Safety concerns in the public parks of Chennai

park in kalakshetra colony
A park in Kalakshetra Colony, which has a few inclusive features. Pic: Saakshath Vijay

In their present form, public parks in the city primarily serve the needs of men, unintentionally fostering an environment that is not conducive to the inclusion and comfort of women. The resulting discrepancy is not solely indicative of prevailing societal beliefs but, is perpetuated by park designs that fail to address the requirements and security concerns of individuals of all genders.

Read more: Can women reclaim our streets? Gender-inclusive and safe public spaces a dream in Chennai

The existence of poorly lit areas, secluded walkways, and insufficient amenities tailored to the specific needs of women are factors contributing to this imbalance. The absence of gender-sensitive facilities like clean toilets or security booths, and the likelihood of harassment serve as deterrents for women, impeding their ability to participate freely in recreational activities in public parks.

Growing up in Chennai, I often observed the significant disparities in gender representation. Most women of all ages want to enjoy the serenity of parks and open spaces; they want to uninhibitedly sit, walk or play in spaces that do not make them feel intimidated. But, the diminished presence of women in these areas, especially after dark, indicates their feelings of exclusion and apprehensions over safety. In my conversations with local women, they expressed a profound and inherent desire for environments that provide them with a sense of safety and recognition.

Through the lens of gender-neutral design

gangaistreet park
Wide, open pathways and good lighting are some of the features of gender-inclusive parks. Pic: Saakshath Vijay

The establishment of safer and gender-inclusive parks necessitates the adoption of a comprehensive approach to urban design and planning.

Here are some of the measures that can be incorporated in existing parks or while designing new public parks in future:

  • Installation of adequate lighting across the parks
  • Creation of open and visible spaces that deter possible perpetrators
  • Availability of game fields that are gender-neutral
  • Implementation of regular patrolling or community watch programmes
  • Emergency call boxes that are easily accessible
  • Well-maintained and secure toilet facilities.

Imagine a scenario in which most parks and open grounds in Chennai are adorned with luminous lighting, walkways are unobstructed and easily discernible, and women and girls are able to freely engage in various activities such as jumping, playing ball, running, lying down in the grass and other leisurely pursuits at any time of the day. Then, the parks will serve their true purpose not just as recreational areas, but also as representations of a city committed to the well-being of all its residents.
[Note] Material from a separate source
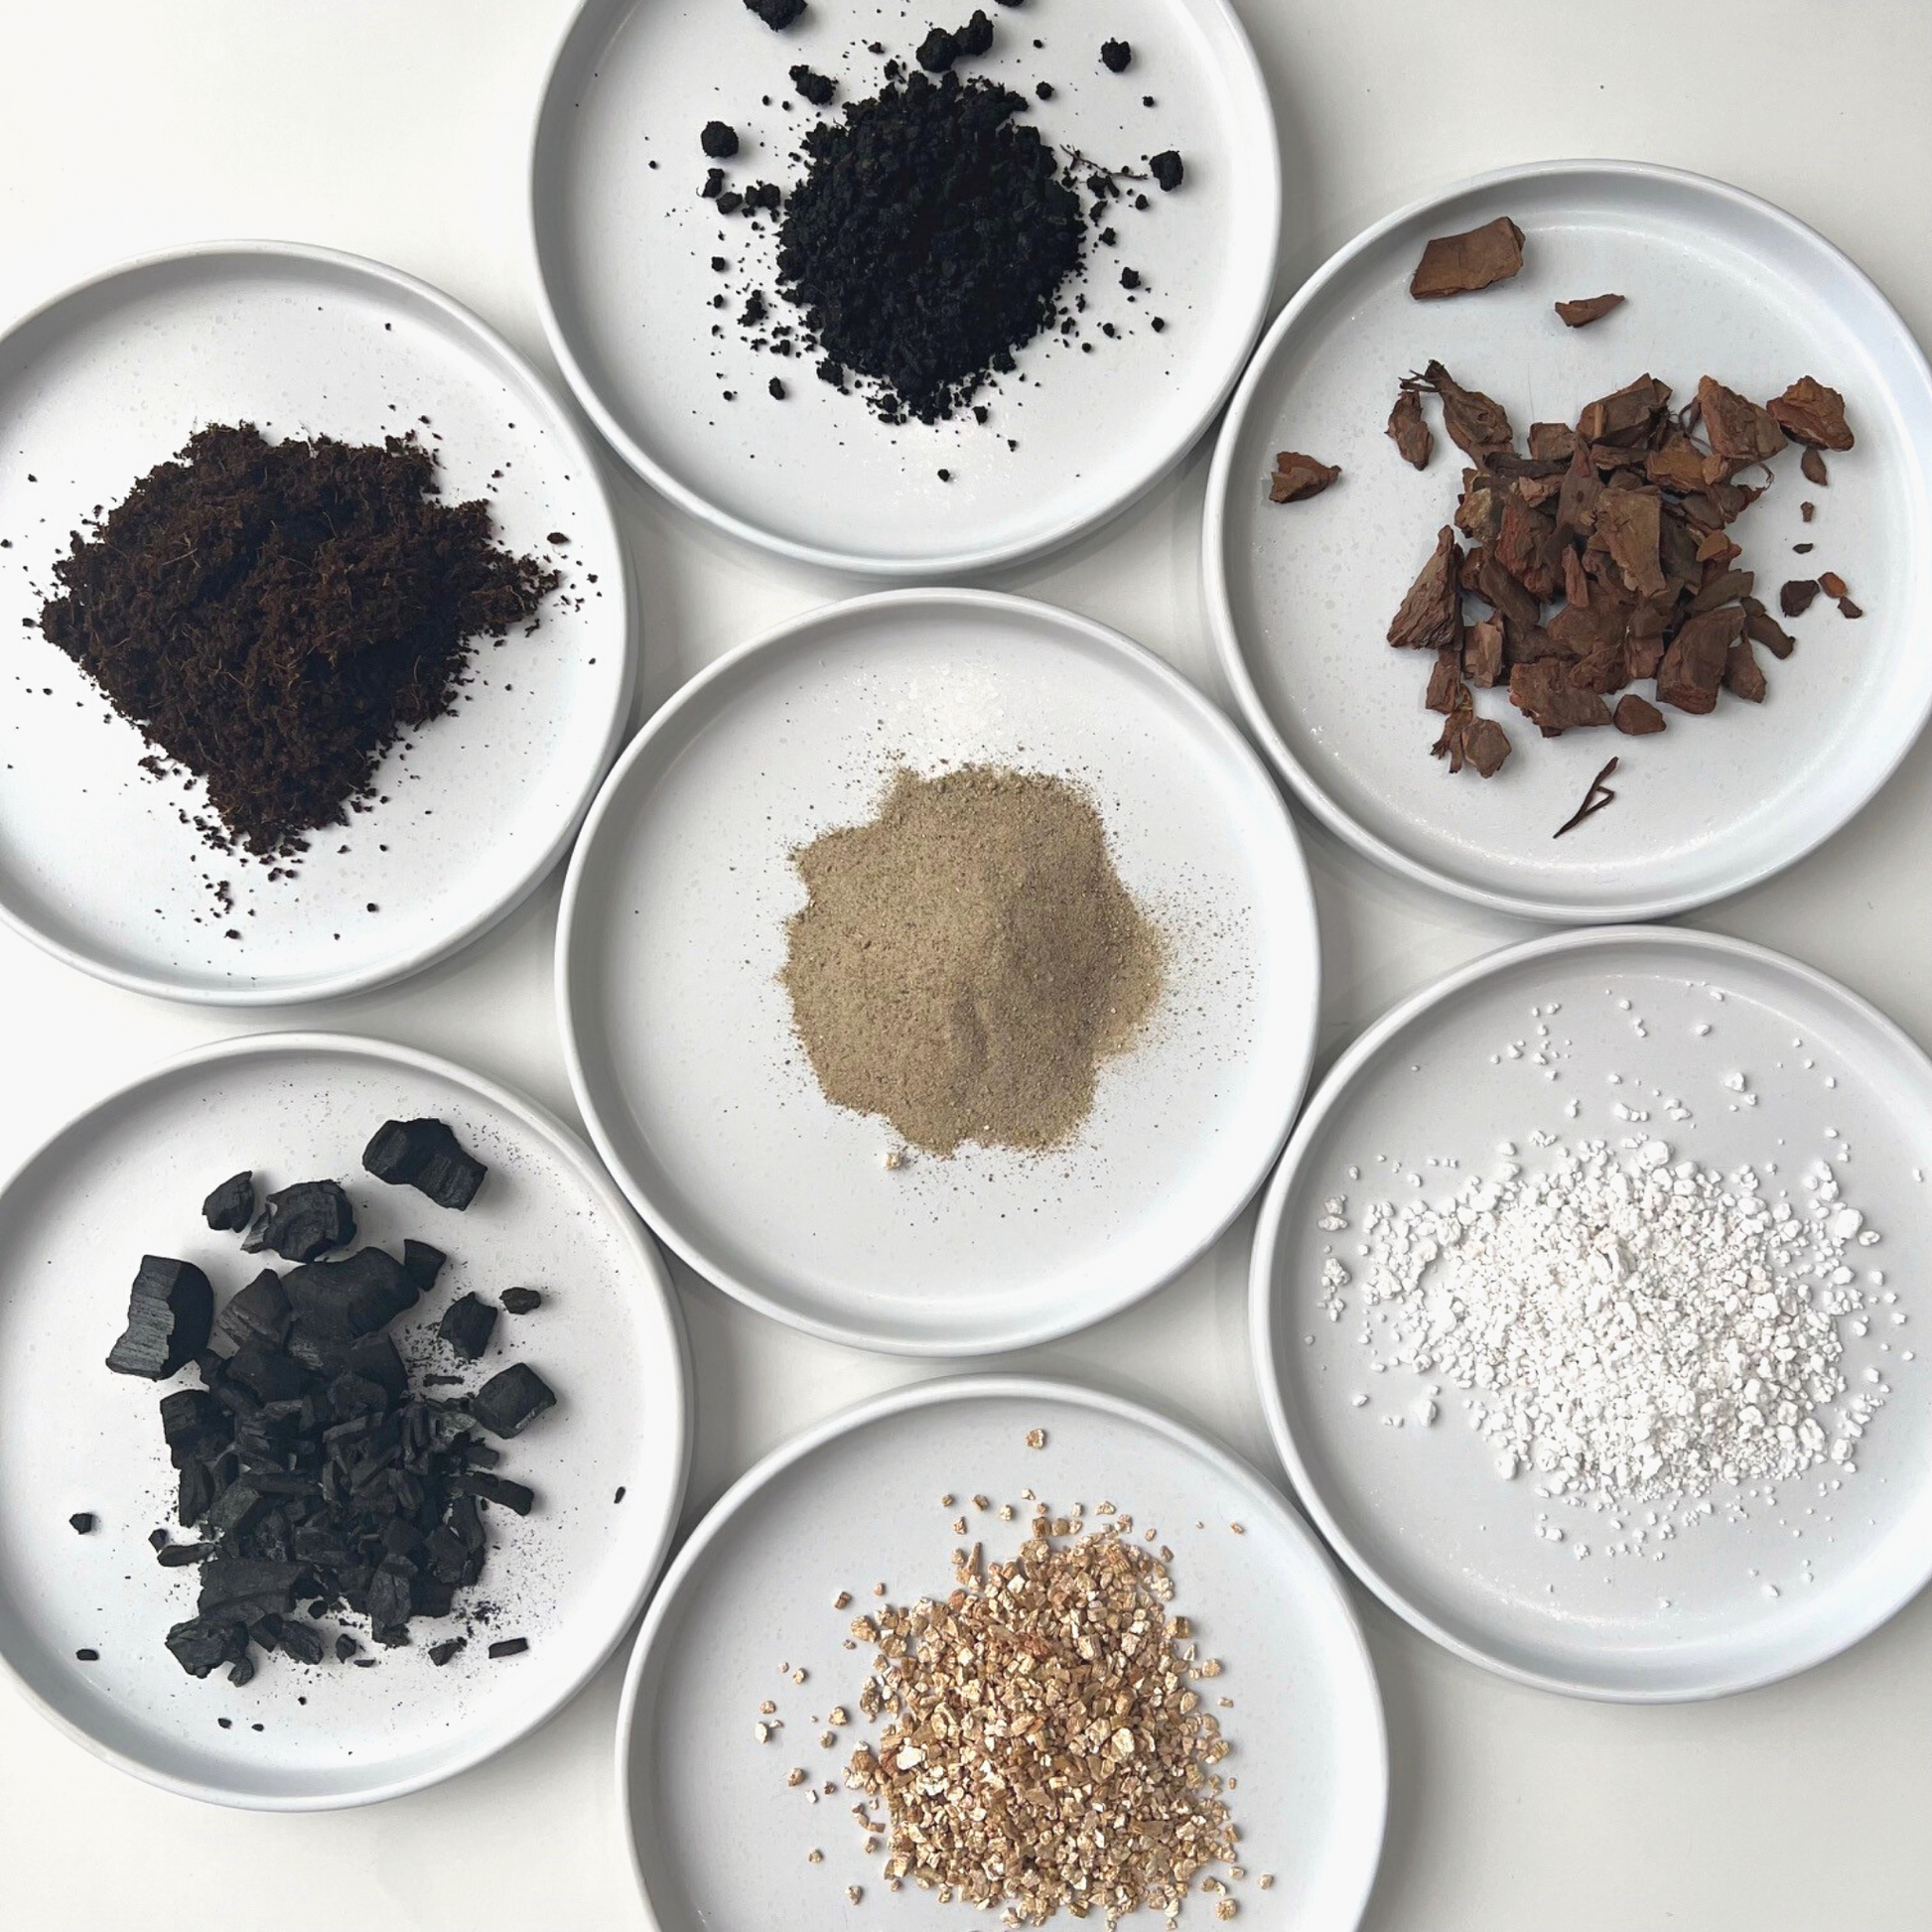 A ingredient makeup of Birdy's Plants Premium Ficus Soil Mix including sand, activated horticultural charcoal, orchid bark, vermiculite, coarse perlite, worm castings, and coco coir.

Read more: Only two play options for city kids: Unsafe parks or paid facilities

The significance of policy and community

Achieving this objective requires collaborative efforts from both the government and the community. Prioritising safe and inclusive spaces for people of all ages and genders should be at the core of urban planning initiatives. Active community engagement is crucial, as it enables meaningful participation of residents, especially women, in safety audits and the design process. Organising regular community events within these parks can foster the development of a shared sense of ownership and awareness among community members.

Promoting gender equality in urban life requires redefining public parks in Chennai as safe and inclusive spaces. As we strive for a more equitable urban future, creating public parks that foster an environment where women and girls can flourish without apprehension, is essential.